In a legal complaint filed this morning, potential adoptive parents Steven Lazarus and his partner Mike Splitt, together with Colleen Sandor, asked the court for permission to join in the lawsuit brought earlier this month by Utah Children, a local advocacy group fighting the policy on behalf of the state’s foster children in need of loving homes.

The ACLU and NCLR are representing the three adults who, under the new policy, are barred from adopting because they live with an unrelated adult. Defendants in the case are the Utah Division of Children and Family Services, its Board, and several named officials within the Department of Human Services.

“Utah’s adoption policy is grounded in irrational fear and prejudice toward same-sex and unmarried couples,” said Stephen C. Clark, an attorney with the ACLU of Utah and a litigator in the case. “This policy robs children of the chance to live in stable, loving homes and robs prospective parents of the chance to provide for a needy child.”

The policy prevents gay couples and heterosexual adults with roommates from adopting. It states that “adults present in the home [must be] legally related to parents by blood or adoption or legal marriage.”

In legal papers filed with the court, the ACLU and NCLR said that the discriminatory adoption policy violates the adults’ constitutional rights to equal protection and argued that the policy itself is invalid because DCFS does not have the legal authority to pass it. The groups also said that the state ignores and violates its own law, which authorizes adoption based on “the best interest of the child.”

“Steve and Mike, or Colleen and her partner, could provide all the stability, warmth and care that every child in Utah deserves,” said Jennifer Middleton, an attorney with the national ACLU’s Lesbian and Gay Rights Project who is also litigating the case. “But instead, they are irrationally barred from even being considered as parents.”

“This policy is bad for children, but it’s also unfair to the parents out there who want to adopt,” she said.

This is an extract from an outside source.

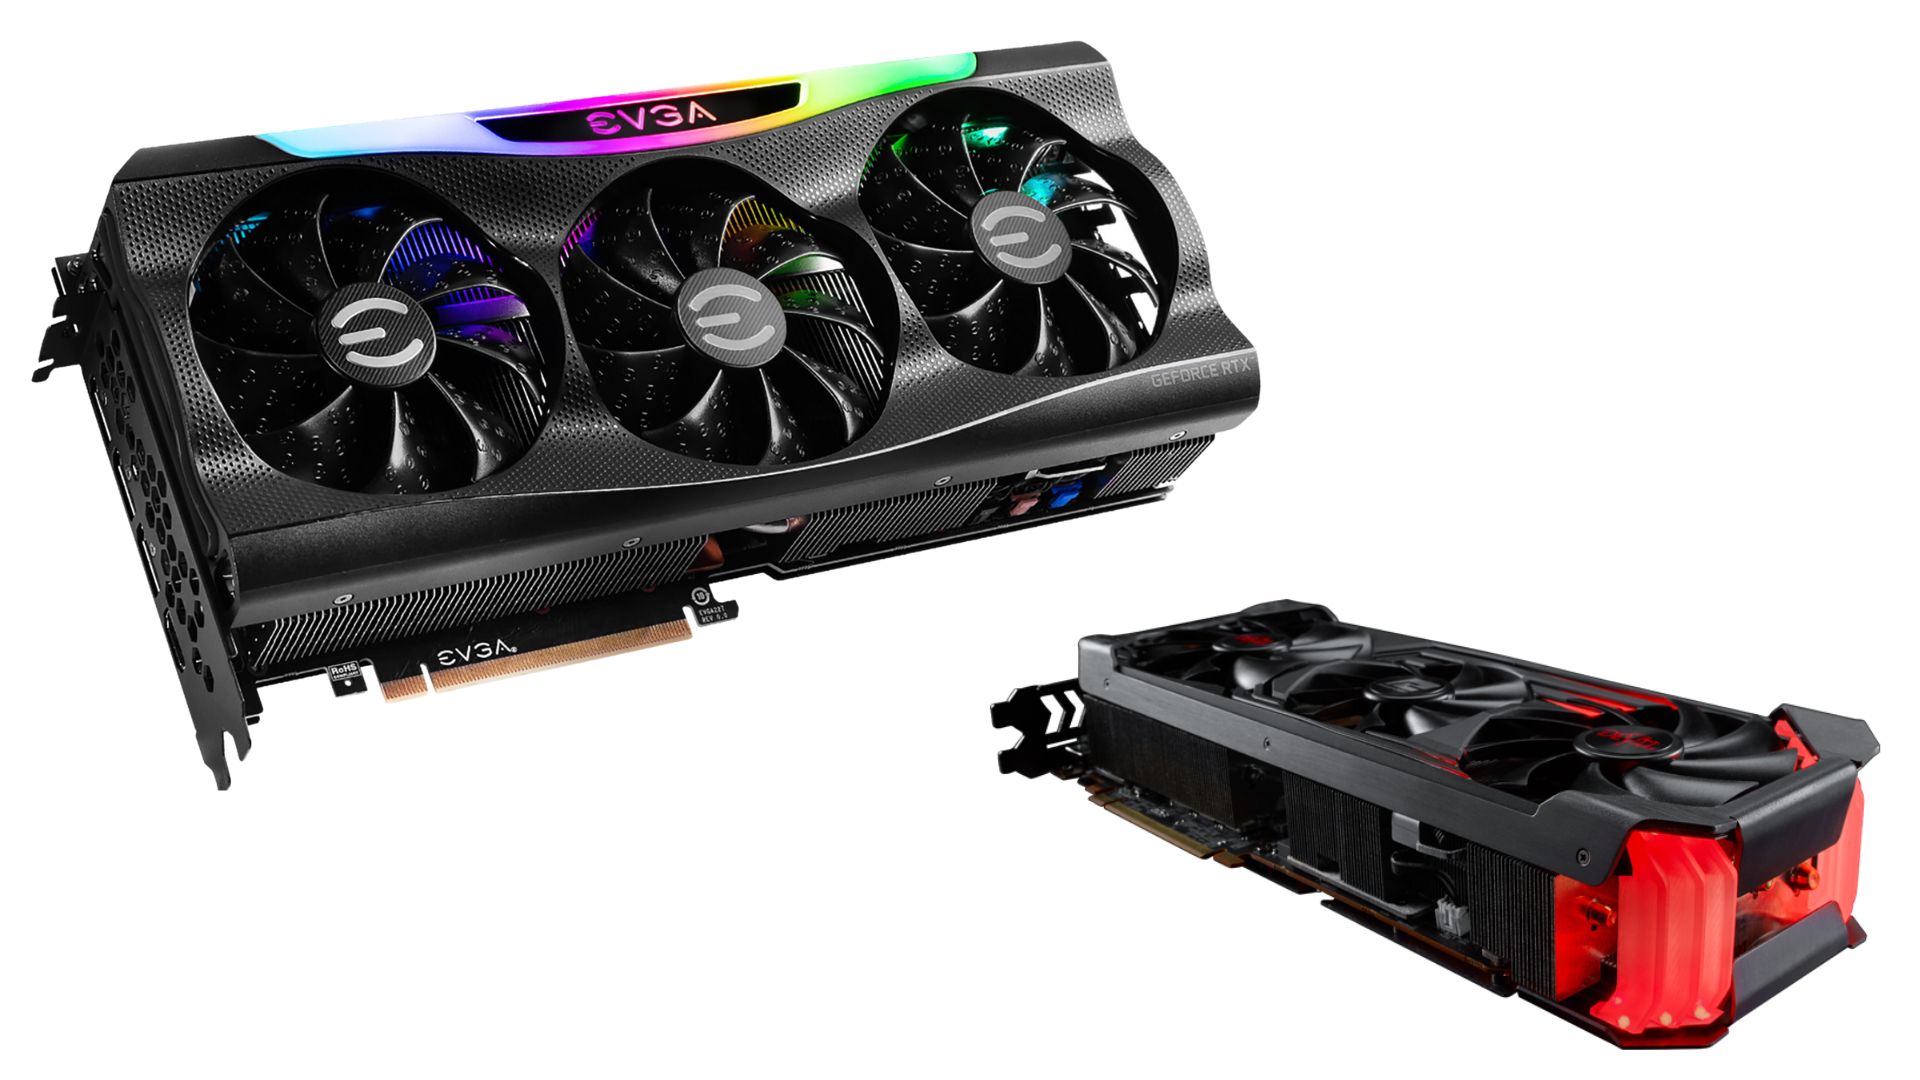 Best Graphics Cards for Streaming Games in 2022

The individuals challenging the policy are:

  • Steven Lazarus, 36, and his partner of 12 years, Mike Splitt, 35. Both are meteorologists at the University of Utah. The pair spent last five years mentoring a troubled youth in Oklahoma and currently participate in a youth mentoring program sponsored by the Salt Lake City Homeless Shelter. In 1993, they were unofficially wed in a synagogue by a reform Jewish rabbi. They hope to be able to start a family and would like the option to adopt.
  • Colleen Sandor, 35, is a licensed psychologist in Salt Lake City and has been in a committed lesbian relationship for the past eight years. She is the program coordinator for an adult substance abuse treatment team that places special emphasis on treating mothers and children who have been affected by substance abuse issues. She too hopes to be able to start a family and would like the option to adopt.

While Florida remains the only state with a law that expressly bars lesbians and gay men from ever adopting children, Arkansas passed a policy last year prohibiting lesbians, gay men, and those who live with them from serving as foster parents. Both the Florida law and the Arkansas policy are currently being challenged in court by the ACLU. However this past April, New Hampshire repealed a 12-year-old law banning gays and lesbians from foster or adoptive parenting.

The case is Utah Children v. Utah DCFS, et al. Attorneys representing the adult clients are Clark of the ACLU of Utah, Middleton of the national ACLU’s Lesbian and Gay Rights Project, cooperating attorney Laura Milliken Gray of Salt Lake City, and Kathryn D. Kendell and Shannon Minter from the National Center for Lesbian Rights in San Francisco.